Can anyone recomend which leisure batteries we should replace our 3 year old nemax with please. We have thought about banner becsuse they have a good warrenty.we charge with 2 x 85 solar panels when we dont have hook up. We had one battery fail the other is ok. We know we have to replace the 2 batteries with the same size and batch. Thanks


----------



## VanFlair (Nov 21, 2009)

Hi

Banner do seem quite highly rated, I think the general opinion is go for something that is quite heavy relative to the ah rating.

Martin


----------



## 747 (Oct 2, 2009)

I have 2 x 110 Numax that are 4 years old and still as good as new.
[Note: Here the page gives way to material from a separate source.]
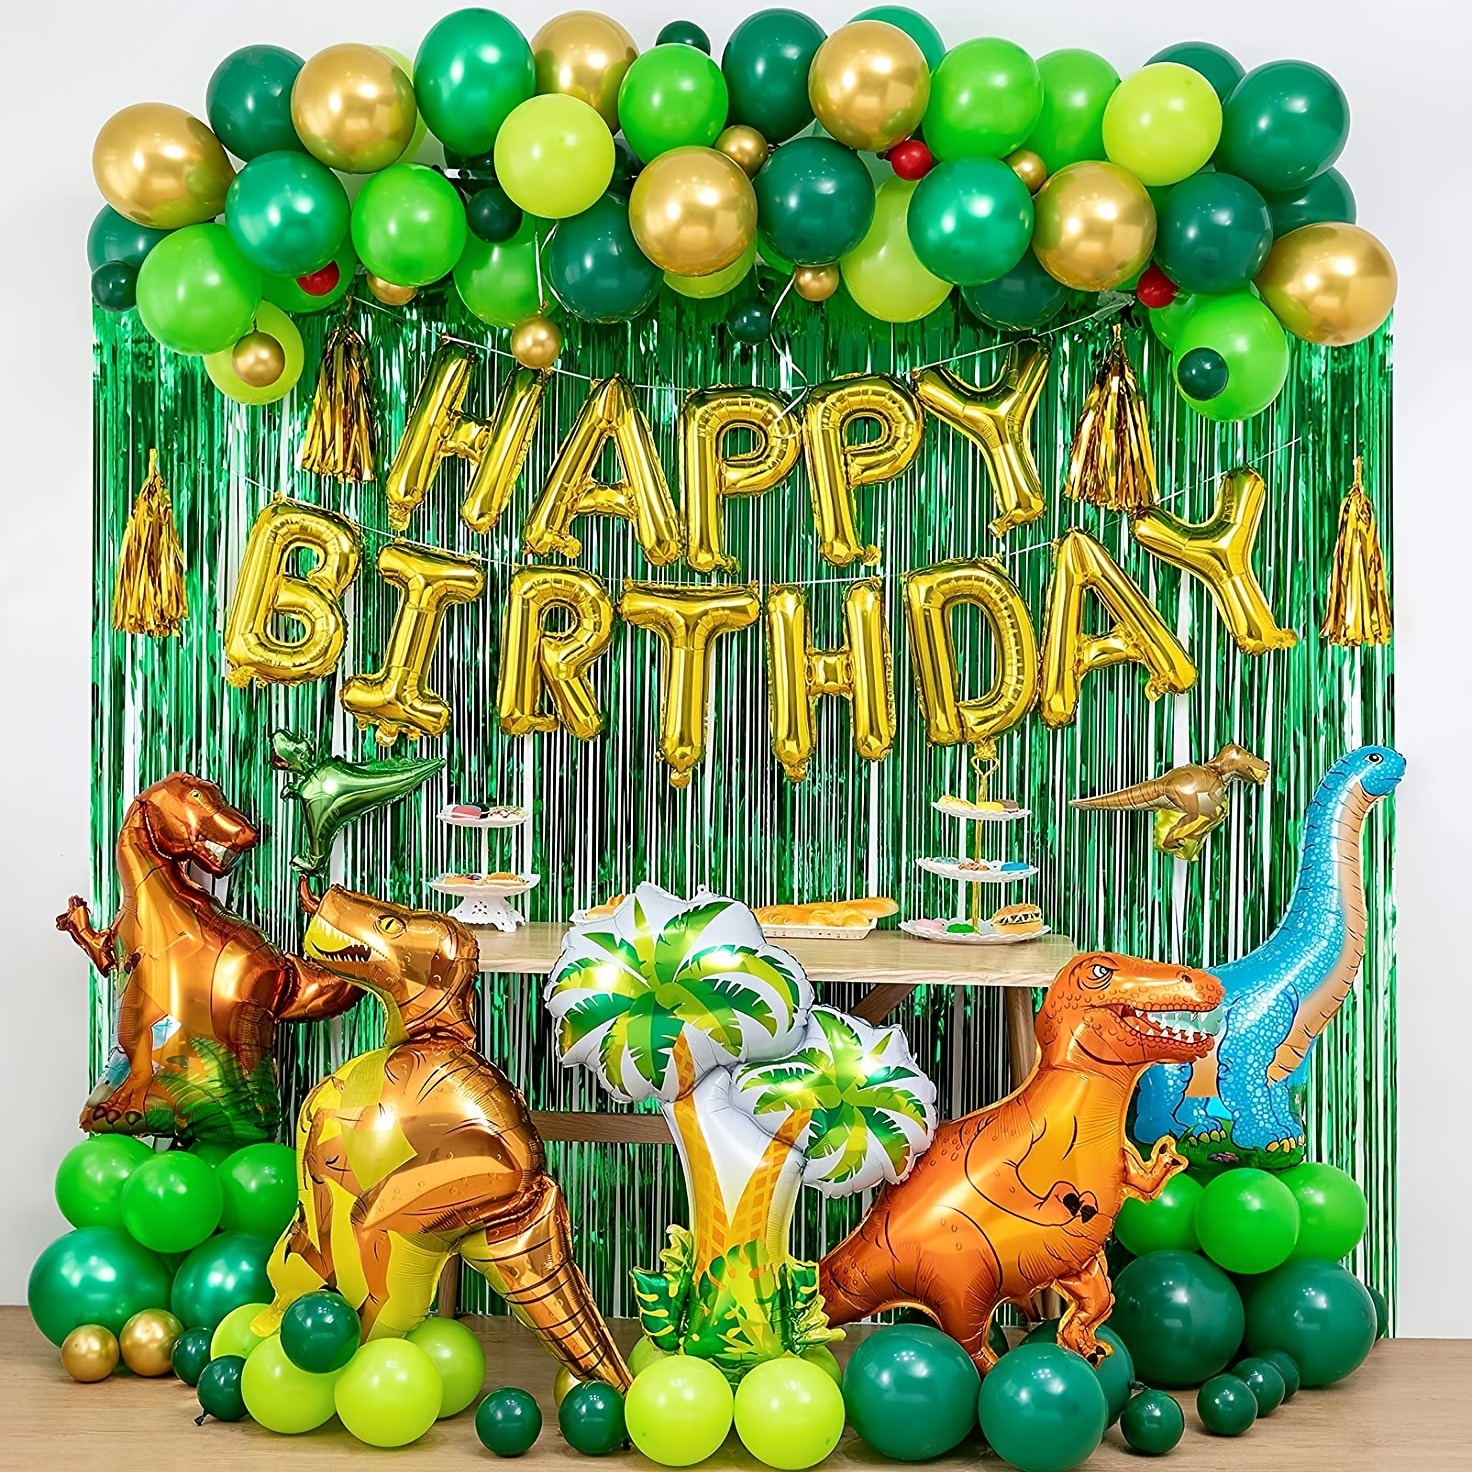 40 Lindas ideas para decorar Fiesta de cumpleaños de Dinosaurios   Decoracion de dinosaurios fiestas, Fiesta tematica de dinosaurios,  Decoracion fiesta

I believe that this is down to looking after them and having solar to prevent deep discharges.

I will buy the same brand again when these do need changing, unless there are any special offers going. Banner are allegedly an excellent choice but it's all down to price.


----------



## carol (May 9, 2005)

We had banner lead acid batteries initially put in by Rapido, but due to the way they built them into the side single seat it was impossible to check the two rear ones in each battery and they did fail after four years, they were 90amp. We replaced them with 2 x 110 amp Elecsols that wouldn't need topping up. 

We wouldn't buy then again, but I th k it was the fitting that was at fault there

Carol


----------